**Work to be completed**
Could you set down the listing below exactly and omit its images?

**Raw data**
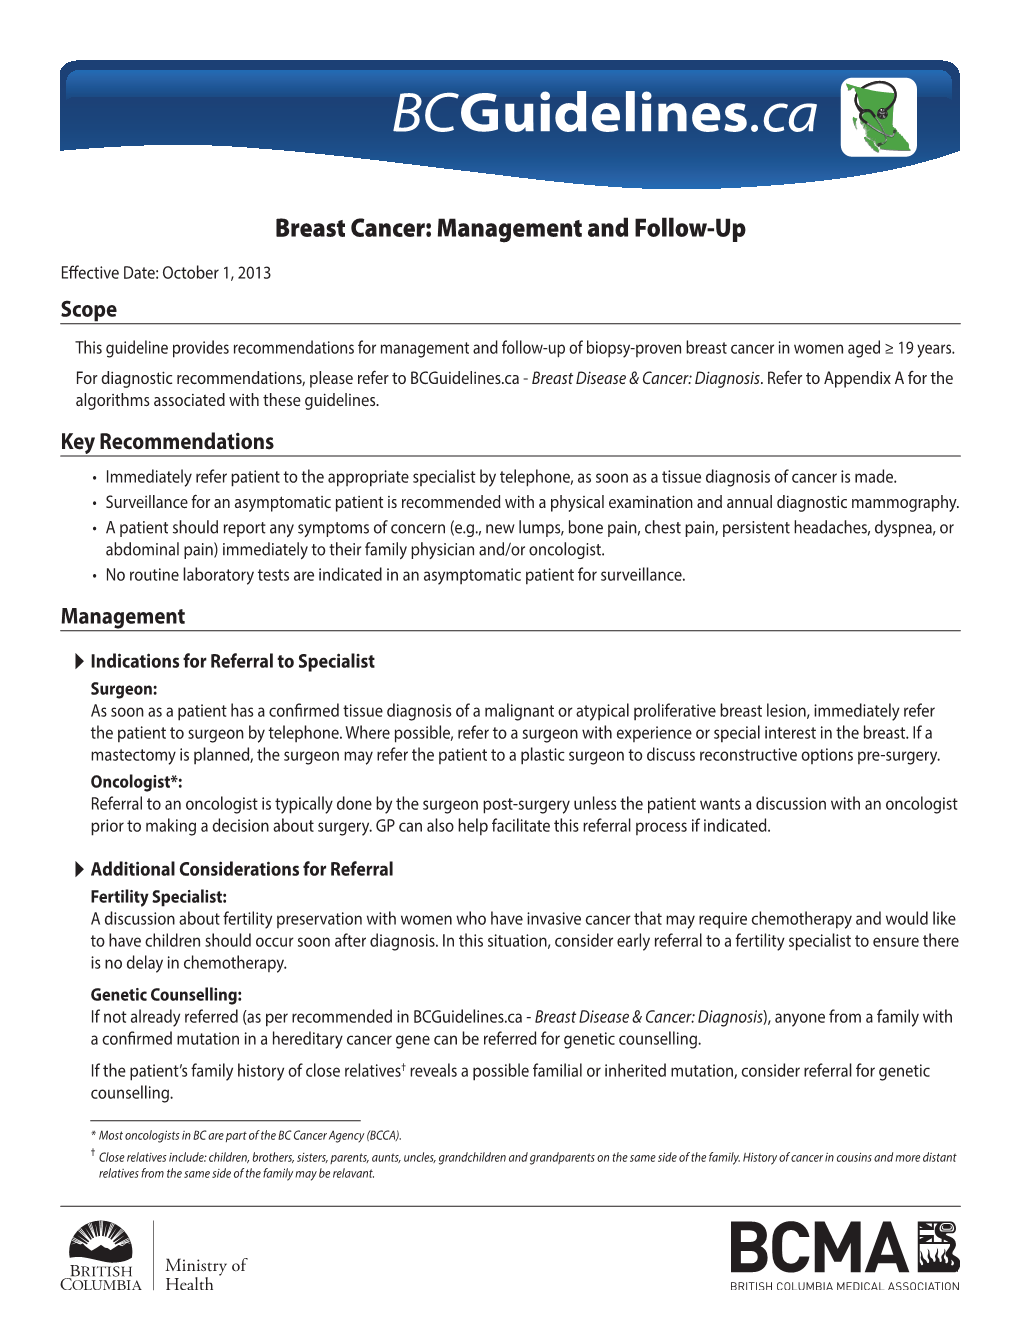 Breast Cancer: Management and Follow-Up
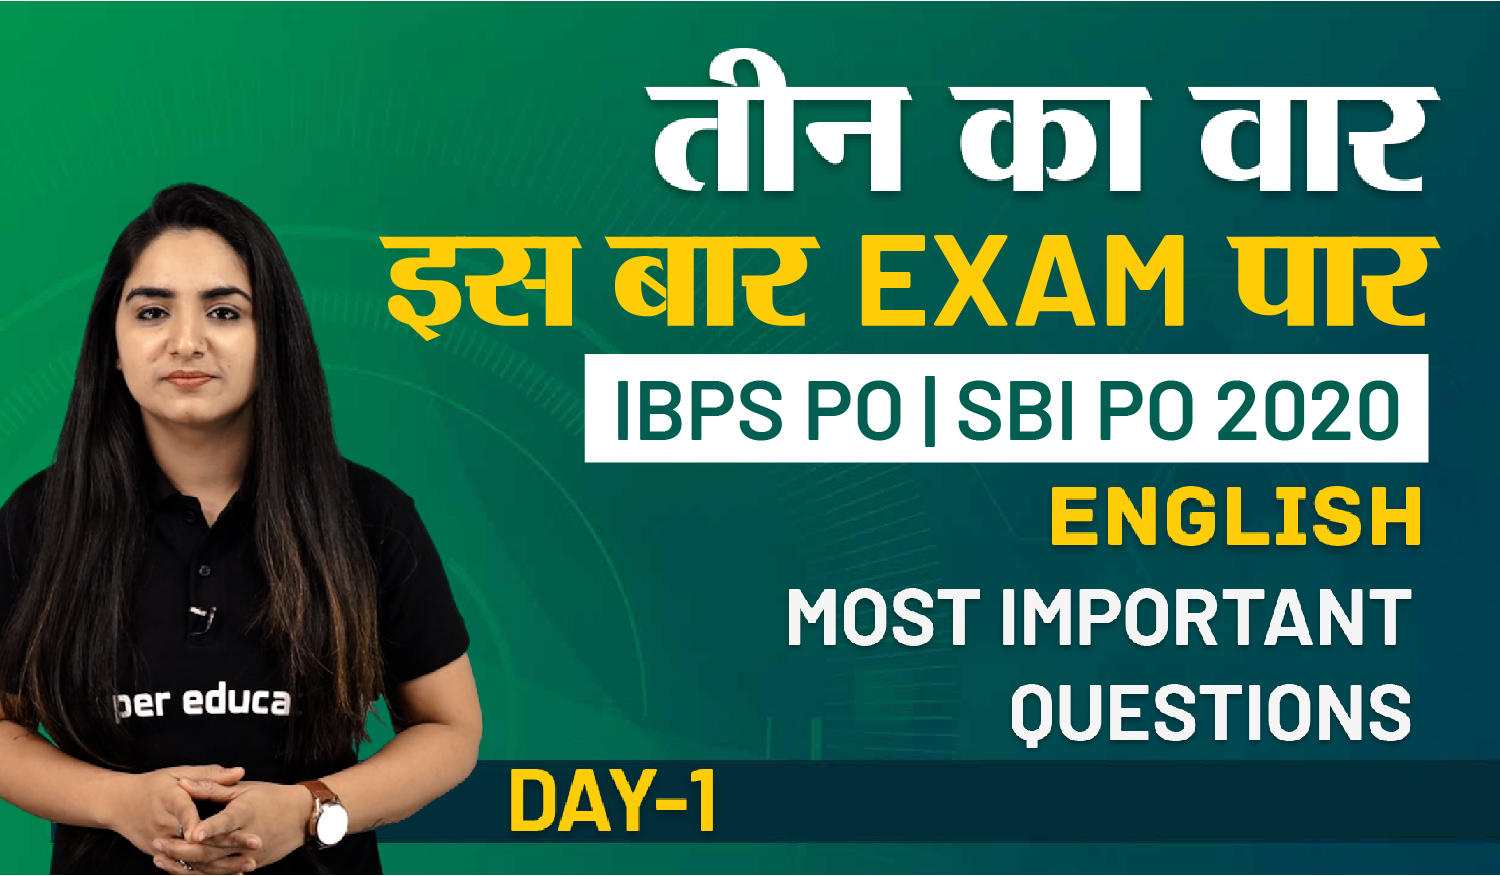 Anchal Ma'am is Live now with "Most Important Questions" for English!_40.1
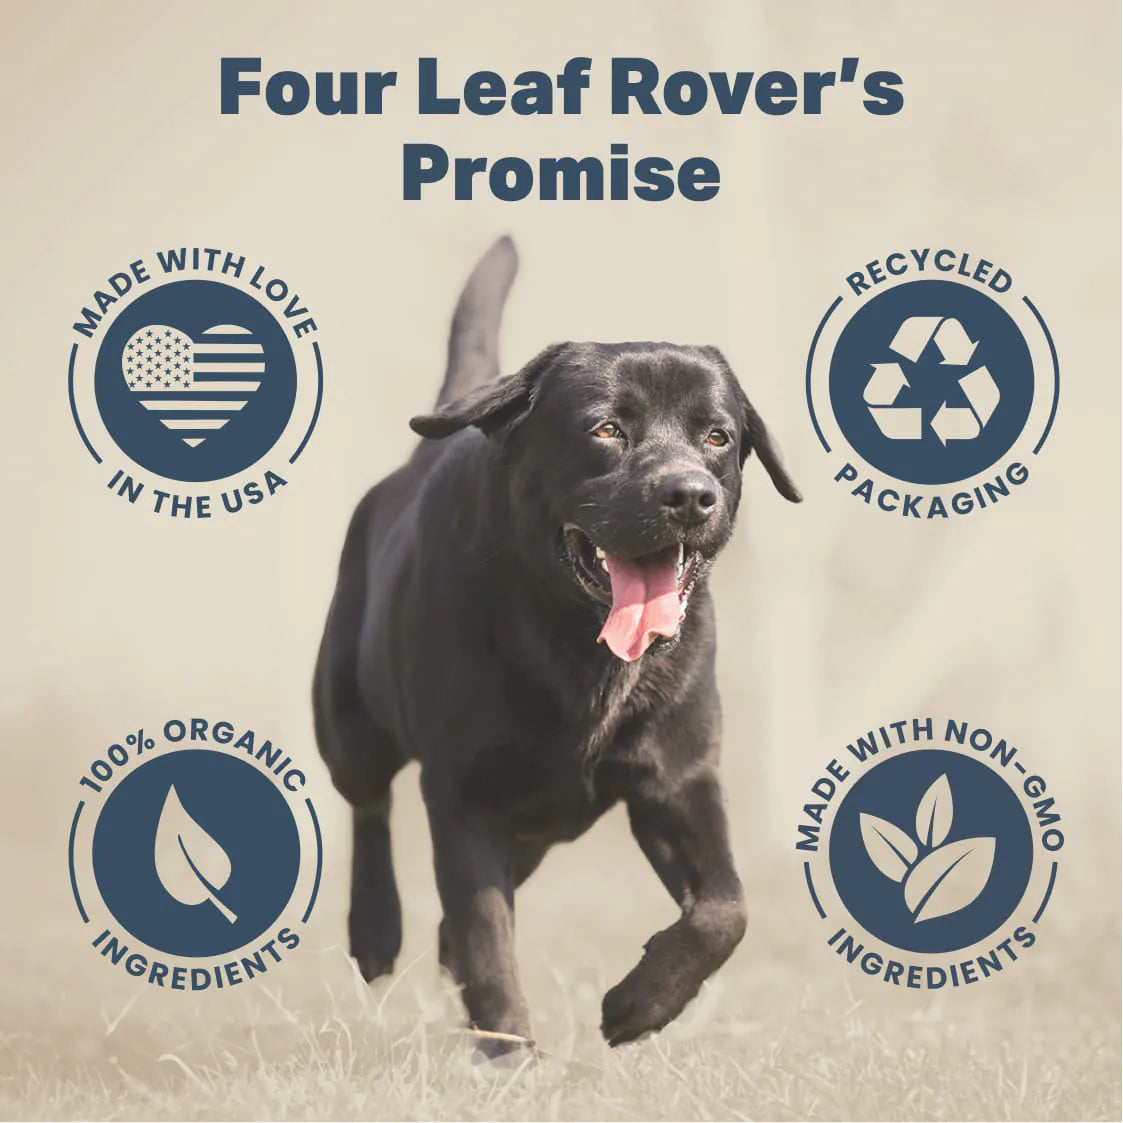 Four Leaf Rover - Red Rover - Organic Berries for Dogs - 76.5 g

**Task output**
 Breast Cancer: Management and Follow-Up
 Anchal Ma'am is Live now with "Most Important Questions" for English!_40.1
 Four Leaf Rover - Red Rover - Organic Berries for Dogs - 76.5 g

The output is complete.